A Sibyl
- Artist: Guercino
- Creation date: Antagelig 1627
- Object type: Drawing
About
Guercino was an acclaimed and much sought-after artist during his lifetime. He spent most of his life in the Emilia-Romagna region of Northern Italy, partly in his native town of Cento and partly in Bologna, where he became the city’s leading painter in the 1640s. Later assessments of his work have varied, but following a reputational downturn during the nineteenth century, he is once again counted among the foremost Baroque painters, and not least as an uncommonly gifted draughtsman.

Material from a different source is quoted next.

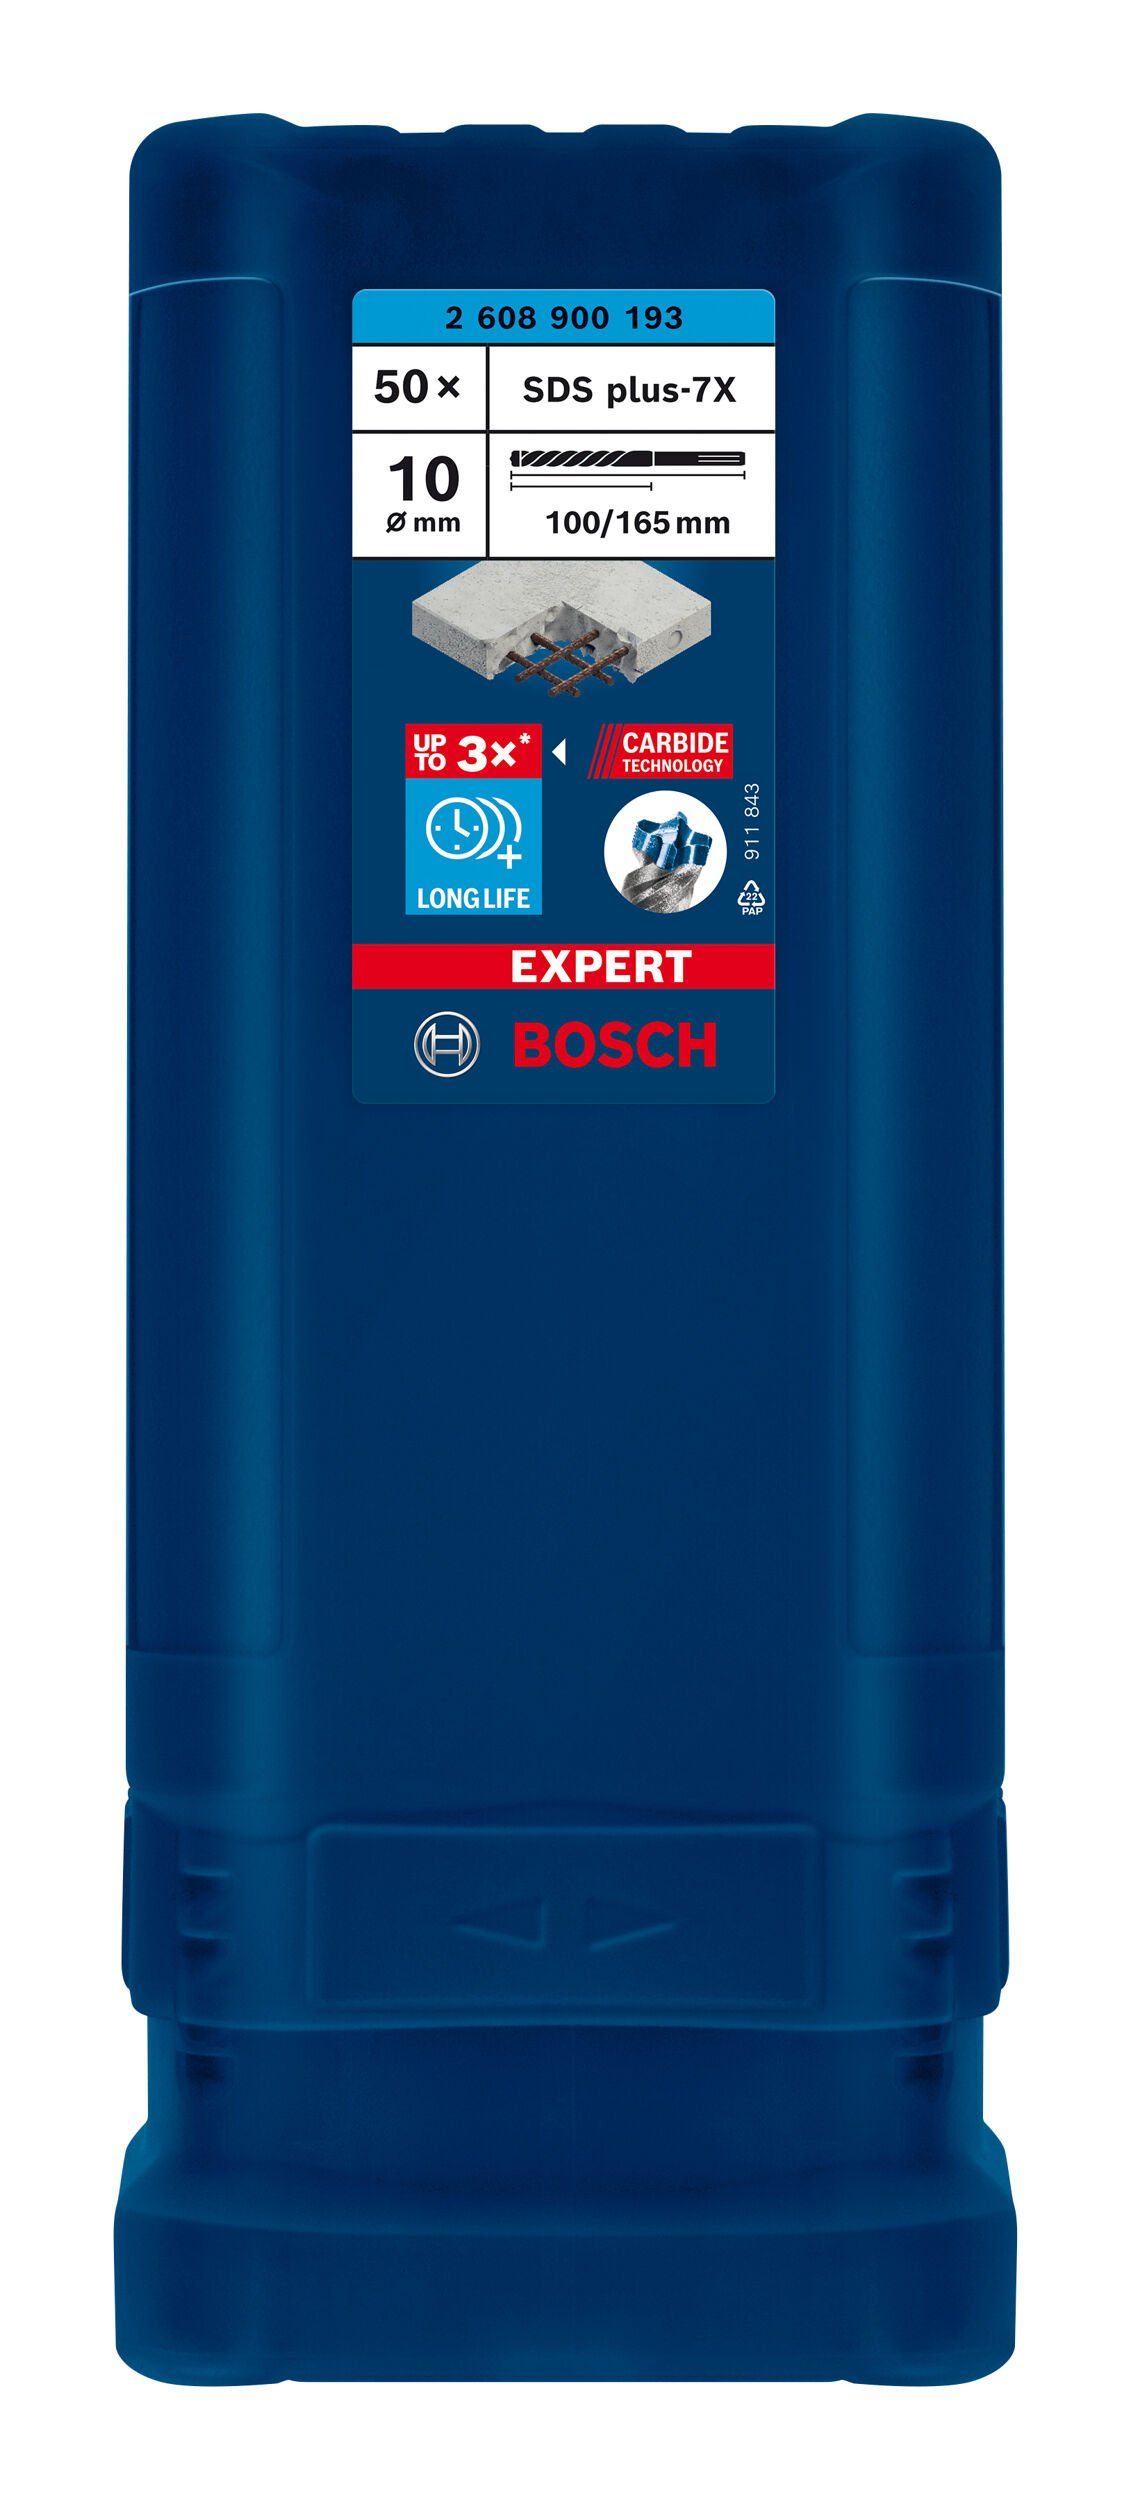 BOSCH Universalbohrer Expert SDS (50 Hammerbohrer mm 100 Stück), 10 50er-Pack - x 165 plus-7X, x

Several of Guercino’s drawings are preparatory sketches for paintings. This also applies to this drawing of a sitting woman, which can be linked to a series of frescoes from an important period in the artist’s career. In 1626 he was commissioned to decorate the dome of the cathedral in Piacenza with a number of frescoes, including eight monumental depictions of sibyls, the mythological seers of antiquity. As was his wont, Guercino worked on the commission with great alacrity, and the frescoes were completed already the next year.
Like many other artists, Guercino used studies on paper to develop his final version. This drawing exemplifies how he would experiment with the posture and attire of the individual figures. The sketch was quickly executed in pen and wash, and its air of being a compositional sketch is reinforced by the figure’s placement within a delimited pictorial space.
It is often difficult to connect seventeenth- century drawings to one particular artist, and attributions frequently change. This drawing is an exception, however, in that it can be traced all the way back to Guercino’s workshop.